▶ WHAT YOU HAVE TO DO:
An exact copy of the listing is required.

▶ DATA TO EXAMINE:

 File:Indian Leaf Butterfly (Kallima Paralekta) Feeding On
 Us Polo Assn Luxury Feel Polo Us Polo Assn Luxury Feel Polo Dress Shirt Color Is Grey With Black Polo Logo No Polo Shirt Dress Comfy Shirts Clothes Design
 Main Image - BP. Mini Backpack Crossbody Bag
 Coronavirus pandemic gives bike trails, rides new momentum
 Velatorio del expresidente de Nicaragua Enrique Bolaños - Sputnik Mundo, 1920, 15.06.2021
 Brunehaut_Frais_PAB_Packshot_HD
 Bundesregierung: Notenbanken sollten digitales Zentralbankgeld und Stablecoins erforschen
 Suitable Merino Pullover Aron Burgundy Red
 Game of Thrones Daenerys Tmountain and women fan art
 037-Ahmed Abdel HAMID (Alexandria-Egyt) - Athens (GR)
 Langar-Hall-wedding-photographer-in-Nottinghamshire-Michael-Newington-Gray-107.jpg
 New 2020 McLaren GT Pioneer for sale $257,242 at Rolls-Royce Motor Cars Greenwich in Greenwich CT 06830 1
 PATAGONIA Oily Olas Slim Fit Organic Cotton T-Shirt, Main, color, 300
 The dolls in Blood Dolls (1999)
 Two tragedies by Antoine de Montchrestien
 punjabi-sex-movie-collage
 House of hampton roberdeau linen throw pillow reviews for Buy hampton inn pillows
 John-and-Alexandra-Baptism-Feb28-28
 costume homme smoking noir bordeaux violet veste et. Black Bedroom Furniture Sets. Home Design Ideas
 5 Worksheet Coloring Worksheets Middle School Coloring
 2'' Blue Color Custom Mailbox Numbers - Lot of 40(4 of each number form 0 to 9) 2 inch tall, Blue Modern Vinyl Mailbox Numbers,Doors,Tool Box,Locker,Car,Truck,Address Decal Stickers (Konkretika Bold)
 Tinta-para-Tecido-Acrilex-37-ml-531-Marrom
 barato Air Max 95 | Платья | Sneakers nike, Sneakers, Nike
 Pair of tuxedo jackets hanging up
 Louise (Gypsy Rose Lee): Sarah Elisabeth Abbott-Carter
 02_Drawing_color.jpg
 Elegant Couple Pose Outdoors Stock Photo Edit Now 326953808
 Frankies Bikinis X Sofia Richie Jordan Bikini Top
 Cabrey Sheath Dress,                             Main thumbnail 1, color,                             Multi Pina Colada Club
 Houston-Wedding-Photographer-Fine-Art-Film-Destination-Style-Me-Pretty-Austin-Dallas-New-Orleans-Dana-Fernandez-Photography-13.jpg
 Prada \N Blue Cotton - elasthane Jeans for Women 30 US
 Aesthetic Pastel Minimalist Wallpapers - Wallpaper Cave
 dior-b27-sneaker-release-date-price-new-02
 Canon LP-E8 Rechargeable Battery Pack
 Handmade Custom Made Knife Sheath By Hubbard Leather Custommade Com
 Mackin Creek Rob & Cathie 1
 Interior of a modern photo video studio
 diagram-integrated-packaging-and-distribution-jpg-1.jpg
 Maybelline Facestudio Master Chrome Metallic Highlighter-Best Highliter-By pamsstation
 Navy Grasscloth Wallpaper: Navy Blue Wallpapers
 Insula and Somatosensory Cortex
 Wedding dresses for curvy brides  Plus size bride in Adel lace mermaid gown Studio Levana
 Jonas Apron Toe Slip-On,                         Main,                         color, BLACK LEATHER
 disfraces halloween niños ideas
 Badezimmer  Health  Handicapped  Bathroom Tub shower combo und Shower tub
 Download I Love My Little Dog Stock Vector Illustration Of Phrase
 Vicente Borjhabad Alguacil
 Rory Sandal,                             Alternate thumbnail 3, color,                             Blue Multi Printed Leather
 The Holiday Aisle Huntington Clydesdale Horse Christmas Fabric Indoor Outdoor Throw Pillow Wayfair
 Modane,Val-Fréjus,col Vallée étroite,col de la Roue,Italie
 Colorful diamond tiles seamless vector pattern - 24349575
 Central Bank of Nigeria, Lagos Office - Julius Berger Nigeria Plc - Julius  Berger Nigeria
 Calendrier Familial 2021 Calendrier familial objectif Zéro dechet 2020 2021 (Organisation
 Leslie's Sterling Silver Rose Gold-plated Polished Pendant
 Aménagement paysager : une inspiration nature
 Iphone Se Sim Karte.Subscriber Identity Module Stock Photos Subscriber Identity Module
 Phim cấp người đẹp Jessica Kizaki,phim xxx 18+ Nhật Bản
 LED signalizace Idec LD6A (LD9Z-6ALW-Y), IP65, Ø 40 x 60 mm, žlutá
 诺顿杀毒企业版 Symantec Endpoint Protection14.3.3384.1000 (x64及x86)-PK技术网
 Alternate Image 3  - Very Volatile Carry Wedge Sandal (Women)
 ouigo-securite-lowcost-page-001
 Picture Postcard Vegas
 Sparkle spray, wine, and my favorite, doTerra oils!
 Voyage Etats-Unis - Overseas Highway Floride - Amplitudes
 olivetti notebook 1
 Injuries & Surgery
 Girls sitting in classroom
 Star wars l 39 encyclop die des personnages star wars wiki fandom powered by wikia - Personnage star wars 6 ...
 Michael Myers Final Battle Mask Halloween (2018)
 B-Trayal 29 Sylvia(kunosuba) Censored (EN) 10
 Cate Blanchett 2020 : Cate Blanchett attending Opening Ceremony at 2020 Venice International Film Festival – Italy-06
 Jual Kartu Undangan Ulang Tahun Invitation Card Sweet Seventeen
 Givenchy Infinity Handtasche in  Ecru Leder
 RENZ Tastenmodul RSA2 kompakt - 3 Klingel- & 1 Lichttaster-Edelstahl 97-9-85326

▶ TASK OUTPUT:
 File:Indian Leaf Butterfly (Kallima Paralekta) Feeding On
 Us Polo Assn Luxury Feel Polo Us Polo Assn Luxury Feel Polo Dress Shirt Color Is Grey With Black Polo Logo No Polo Shirt Dress Comfy Shirts Clothes Design
 Main Image - BP. Mini Backpack Crossbody Bag
 Coronavirus pandemic gives bike trails, rides new momentum
 Velatorio del expresidente de Nicaragua Enrique Bolaños - Sputnik Mundo, 1920, 15.06.2021
 Brunehaut_Frais_PAB_Packshot_HD
 Bundesregierung: Notenbanken sollten digitales Zentralbankgeld und Stablecoins erforschen
 Suitable Merino Pullover Aron Burgundy Red
 Game of Thrones Daenerys Tmountain and women fan art
 037-Ahmed Abdel HAMID (Alexandria-Egyt) - Athens (GR)
 Langar-Hall-wedding-photographer-in-Nottinghamshire-Michael-Newington-Gray-107.jpg
 New 2020 McLaren GT Pioneer for sale $257,242 at Rolls-Royce Motor Cars Greenwich in Greenwich CT 06830 1
 PATAGONIA Oily Olas Slim Fit Organic Cotton T-Shirt, Main, color, 300
 The dolls in Blood Dolls (1999)
 Two tragedies by Antoine de Montchrestien
 punjabi-sex-movie-collage
 House of hampton roberdeau linen throw pillow reviews for Buy hampton inn pillows
 John-and-Alexandra-Baptism-Feb28-28
 costume homme smoking noir bordeaux violet veste et. Black Bedroom Furniture Sets. Home Design Ideas
 5 Worksheet Coloring Worksheets Middle School Coloring
 2'' Blue Color Custom Mailbox Numbers - Lot of 40(4 of each number form 0 to 9) 2 inch tall, Blue Modern Vinyl Mailbox Numbers,Doors,Tool Box,Locker,Car,Truck,Address Decal Stickers (Konkretika Bold)
 Tinta-para-Tecido-Acrilex-37-ml-531-Marrom
 barato Air Max 95 | Платья | Sneakers nike, Sneakers, Nike
 Pair of tuxedo jackets hanging up
 Louise (Gypsy Rose Lee): Sarah Elisabeth Abbott-Carter
 02_Drawing_color.jpg
 Elegant Couple Pose Outdoors Stock Photo Edit Now 326953808
 Frankies Bikinis X Sofia Richie Jordan Bikini Top
 Cabrey Sheath Dress,                             Main thumbnail 1, color,                             Multi Pina Colada Club
 Houston-Wedding-Photographer-Fine-Art-Film-Destination-Style-Me-Pretty-Austin-Dallas-New-Orleans-Dana-Fernandez-Photography-13.jpg
 Prada \N Blue Cotton - elasthane Jeans for Women 30 US
 Aesthetic Pastel Minimalist Wallpapers - Wallpaper Cave
 dior-b27-sneaker-release-date-price-new-02
 Canon LP-E8 Rechargeable Battery Pack
 Handmade Custom Made Knife Sheath By Hubbard Leather Custommade Com
 Mackin Creek Rob & Cathie 1
 Interior of a modern photo video studio
 diagram-integrated-packaging-and-distribution-jpg-1.jpg
 Maybelline Facestudio Master Chrome Metallic Highlighter-Best Highliter-By pamsstation
 Navy Grasscloth Wallpaper: Navy Blue Wallpapers
 Insula and Somatosensory Cortex
 Wedding dresses for curvy brides  Plus size bride in Adel lace mermaid gown Studio Levana
 Jonas Apron Toe Slip-On,                         Main,                         color, BLACK LEATHER
 disfraces halloween niños ideas
 Badezimmer  Health  Handicapped  Bathroom Tub shower combo und Shower tub
 Download I Love My Little Dog Stock Vector Illustration Of Phrase
 Vicente Borjhabad Alguacil
 Rory Sandal,                             Alternate thumbnail 3, color,                             Blue Multi Printed Leather
 The Holiday Aisle Huntington Clydesdale Horse Christmas Fabric Indoor Outdoor Throw Pillow Wayfair
 Modane,Val-Fréjus,col Vallée étroite,col de la Roue,Italie
 Colorful diamond tiles seamless vector pattern - 24349575
 Central Bank of Nigeria, Lagos Office - Julius Berger Nigeria Plc - Julius  Berger Nigeria
 Calendrier Familial 2021 Calendrier familial objectif Zéro dechet 2020 2021 (Organisation
 Leslie's Sterling Silver Rose Gold-plated Polished Pendant
 Aménagement paysager : une inspiration nature
 Iphone Se Sim Karte.Subscriber Identity Module Stock Photos Subscriber Identity Module
 Phim cấp người đẹp Jessica Kizaki,phim xxx 18+ Nhật Bản
 LED signalizace Idec LD6A (LD9Z-6ALW-Y), IP65, Ø 40 x 60 mm, žlutá
 诺顿杀毒企业版 Symantec Endpoint Protection14.3.3384.1000 (x64及x86)-PK技术网
 Alternate Image 3  - Very Volatile Carry Wedge Sandal (Women)
 ouigo-securite-lowcost-page-001
 Picture Postcard Vegas
 Sparkle spray, wine, and my favorite, doTerra oils!
 Voyage Etats-Unis - Overseas Highway Floride - Amplitudes
 olivetti notebook 1
 Injuries & Surgery
 Girls sitting in classroom
 Star wars l 39 encyclop die des personnages star wars wiki fandom powered by wikia - Personnage star wars 6 ...
 Michael Myers Final Battle Mask Halloween (2018)
 B-Trayal 29 Sylvia(kunosuba) Censored (EN) 10
 Cate Blanchett 2020 : Cate Blanchett attending Opening Ceremony at 2020 Venice International Film Festival – Italy-06
 Jual Kartu Undangan Ulang Tahun Invitation Card Sweet Seventeen
 Givenchy Infinity Handtasche in  Ecru Leder
 RENZ Tastenmodul RSA2 kompakt - 3 Klingel- & 1 Lichttaster-Edelstahl 97-9-85326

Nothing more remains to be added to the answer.